Fuente: decine21.com

Piratas del Caribe: En mareas misteriosas calificación Regular

Año de producción: 2011

País: EE.UU.

Dirección: Rob Marshall

Intérpretes: Johnny Depp, Ian McShane, Penélope Cruz, Stephen Graham, Geoffrey Rush, Gemma Ward, Keith Richards, Kevin McNally, Óscar Jaenada, Sam Claflin, Greg Ellis, Astrid Berges-Frisbey, Richard Griffiths, Robbie Kay

Guión: Ted Elliott, Terry Rossio

Música: Hans Zimmer

Fotografía: Dariusz Wolski

Distribuye en Cine: Walt Disney

Duración: 140 min.

Público apropiado: Jóvenes

Género: Acción, Aventuras

Contenidos: Acción 3, Amor 1, Lágrimas 0, Risas 1, Sexo 0, Violencia 0 [de 0 a 4]
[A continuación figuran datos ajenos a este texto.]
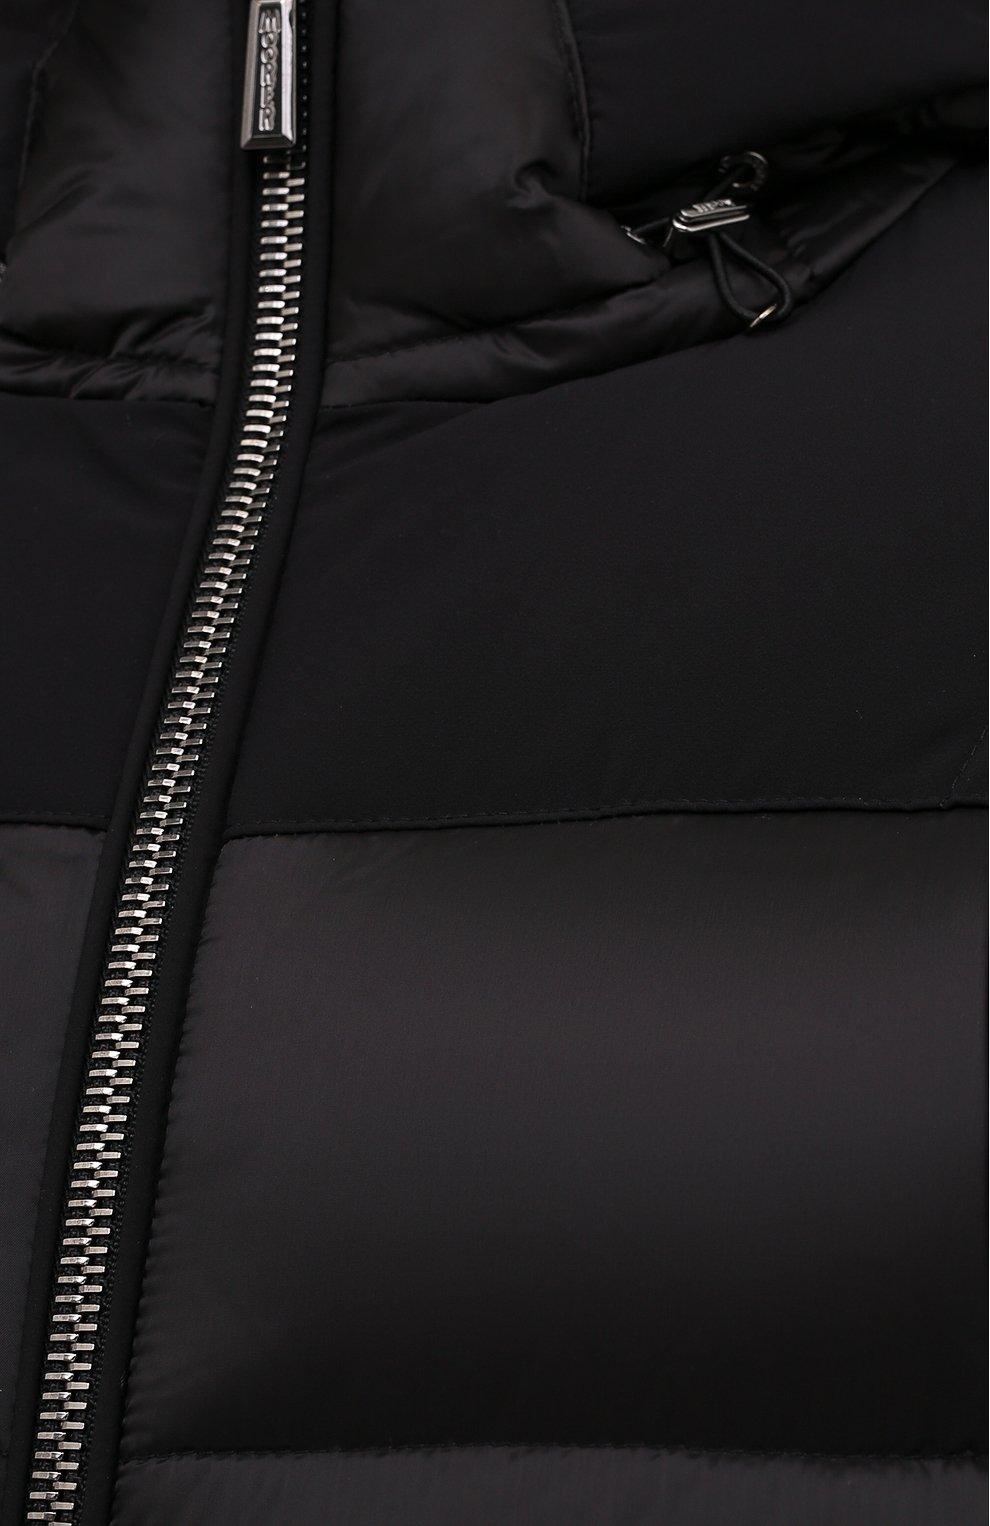 Мужской пуховый бомбер riccardo-shk MOORER черного цвета, арт. RICCARD0-SHK/M0UGI100268-TEPA206   Фото 5 (Кросс-КТ: Куртка, Пуховик; Мужское Кросс-КТ: пуховик-короткий; Рукава: Длинные; Принт: Без принта; Материал внешний: Синтетический материал; Материал подклада: Синтетический материал; Длина (верхняя одежда): Короткие; Материал утеплителя: Пух и перо; Стили: Кэжуэл)

Cuarta entre de la saga iniciada por Piratas del Caribe: La maldición de la Perla Negra. Entonces, allá por 2003, ese film significó la recuperación por todo lo alto de las películas de aventuras que han poblado siempre la imaginación infantil, desde las creaciones de Daniel Defoe hasta Emilio Salgari, pasando por Jules Verne o Robert Louis Stevenson. Jack Sparrow y compañía recuperaron un mundo legendario que parecía perdido. Ahora asistimos a una nueva aventura pirata con algunos elementos novedosos, efectos especiales llamativos -ampliados gracias al 3D- y la introducción de nuevos personajes. Y por supuesto el rey de la función sigue siendo el “capitán” Johnny Depp.
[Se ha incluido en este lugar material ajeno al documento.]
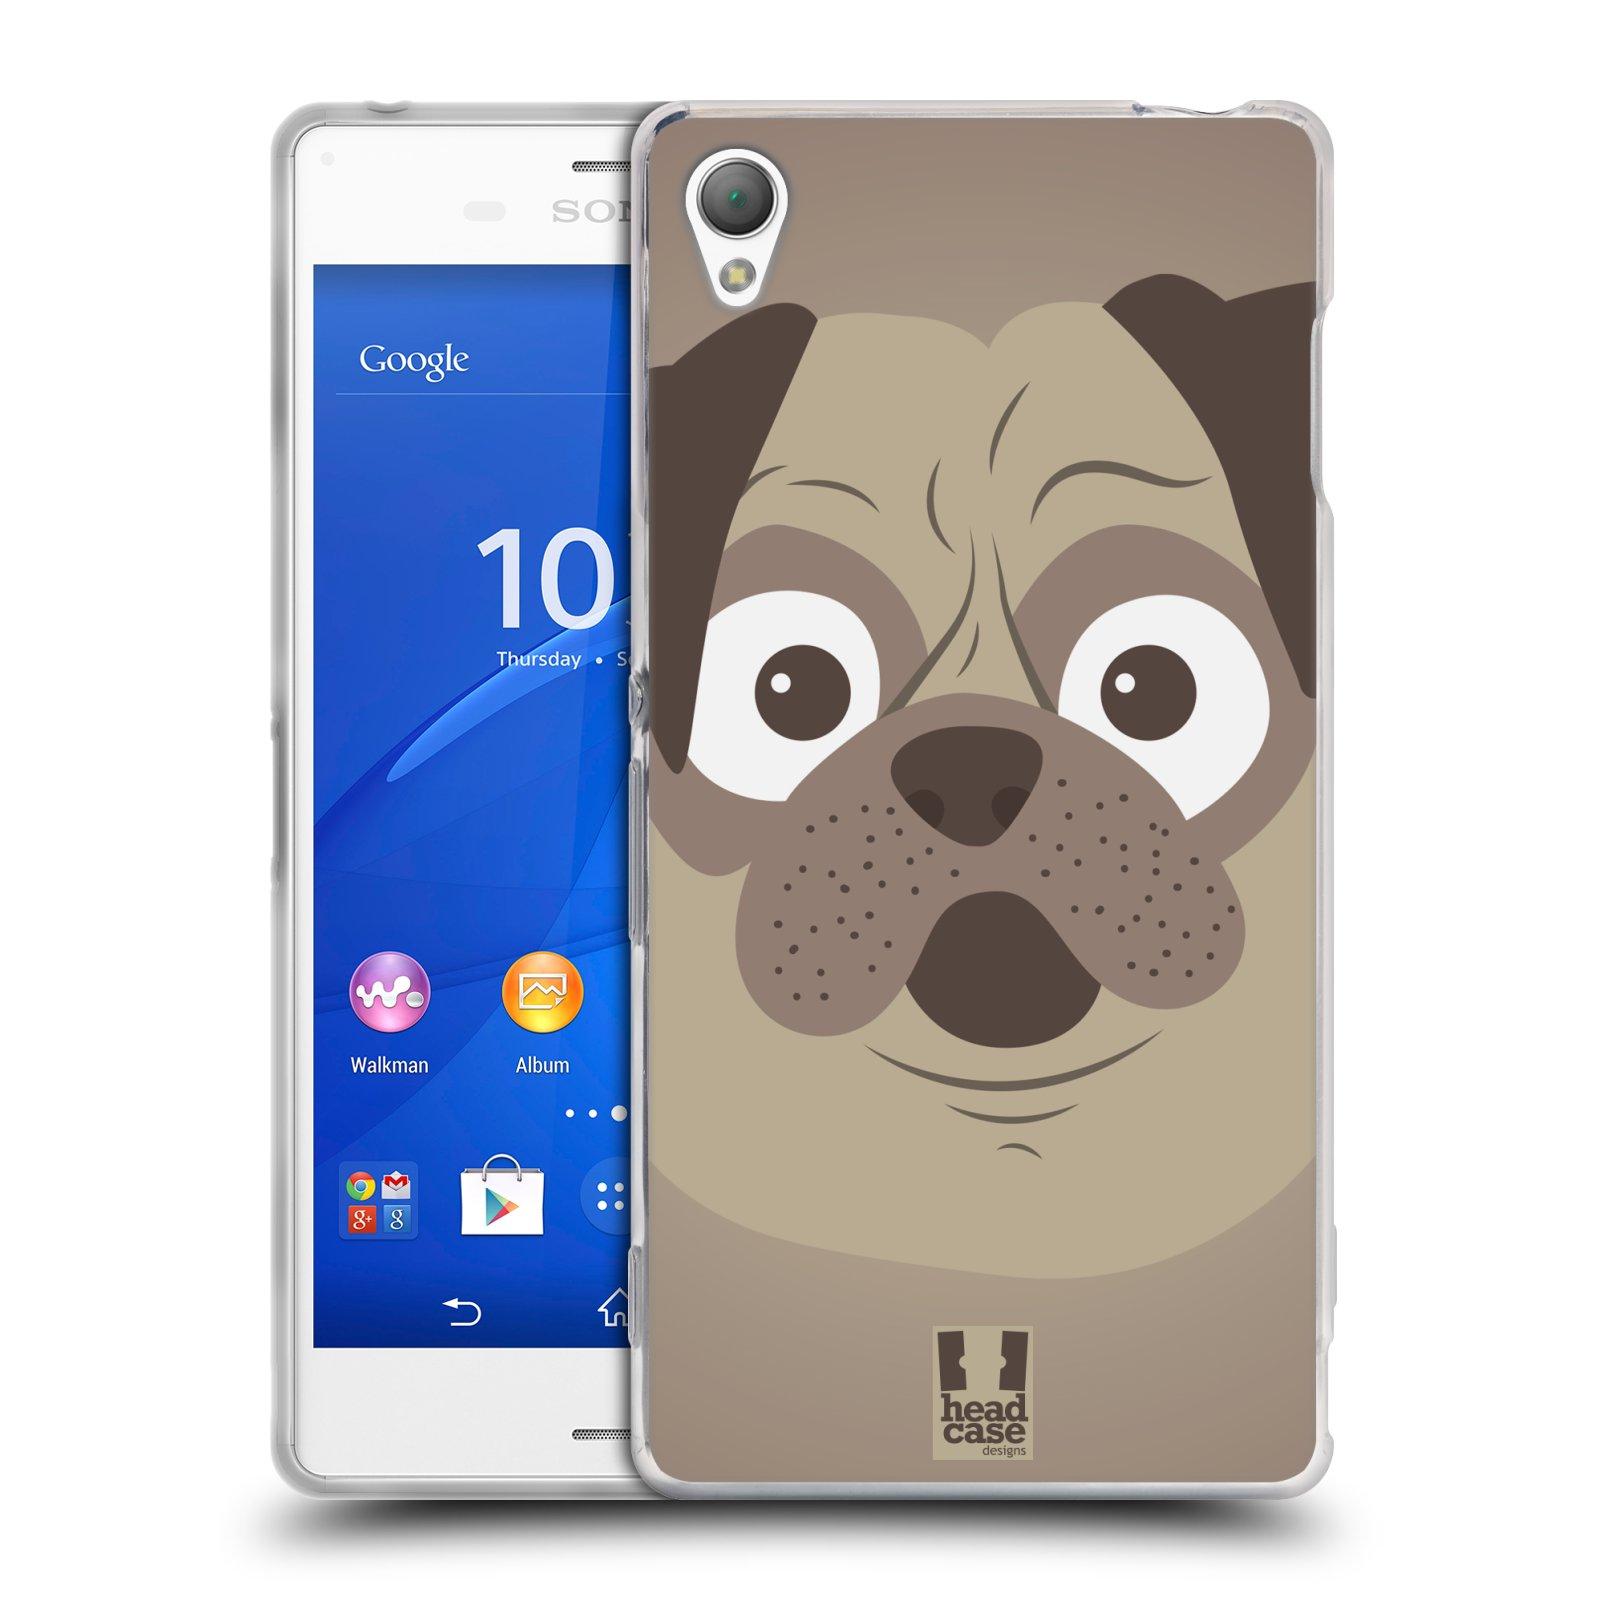 HEAD CASE silikonový obal na mobil Sony Xperia Z3 vzor Cartoon Karikatura barevná kreslená zvířátka pes mopsík

Los reinos de España e Inglaterra se disputan la hegemonía de los mares, y sus respectivos reyes buscan encontrar la mítica Fuente de la eterna juventud, localizada al parecer por el descubridor Ponce de León. Jack Sparrow, quien ha estado investigando por su cuenta el itinerario hacia el misterioso lugar, será capturado por el rey inglés y por su aliado el Capitán Barbossa y requerido para conducirles hasta allí. Con sus artimañas Sparrow logrará evadir esa “obligación”, pero lo que no podrá más tarde es esquivar la aparición de un antiguo amor, la bella Angélica, quien también va tras el preciado “tesoro”, al igual que su temible aliado: el legendario pirata Barbanegra.

El guión, de nuevo obra de Ted Elliott y Terry Rossio, se sigue más o menos con interés (porque no da tregua), aunque ofrece más o menos lo mismo de siempre y además la inclusión de las diversas aventurillas colaterales puede hacer perder intensidad al conjunto. En realidad los guionistas tienen muy claro que no desean llegar a ningún sitio, más bien se trata de que el camino sea lo más entretenido posible. Eso está logrado, pero también es compatible con cierto regusto general a producto enlatado, de puro diseño, un espectáculo taquillero tan garantizado que carece de verdadera emoción. Y desde luego donde ya queda poco por hacer es con el personaje de Jack Sparrow: el fabuloso pirata ya no fascina tanto y su encanto baja enteros sencillamente porque espectador le conoce tan bien que siempre se adelanta a sus intenciones, a sus golpes de humor, a sus réplicas chistosas. Por lo demás, la historia cae levemente en el tópico al presentar a los españoles (principalmente con el rostro de Óscar Jaenada) como unos fanáticos defensores del catolicismo sin demasiadas luces. Lo dicho, un guión de sólo diseño.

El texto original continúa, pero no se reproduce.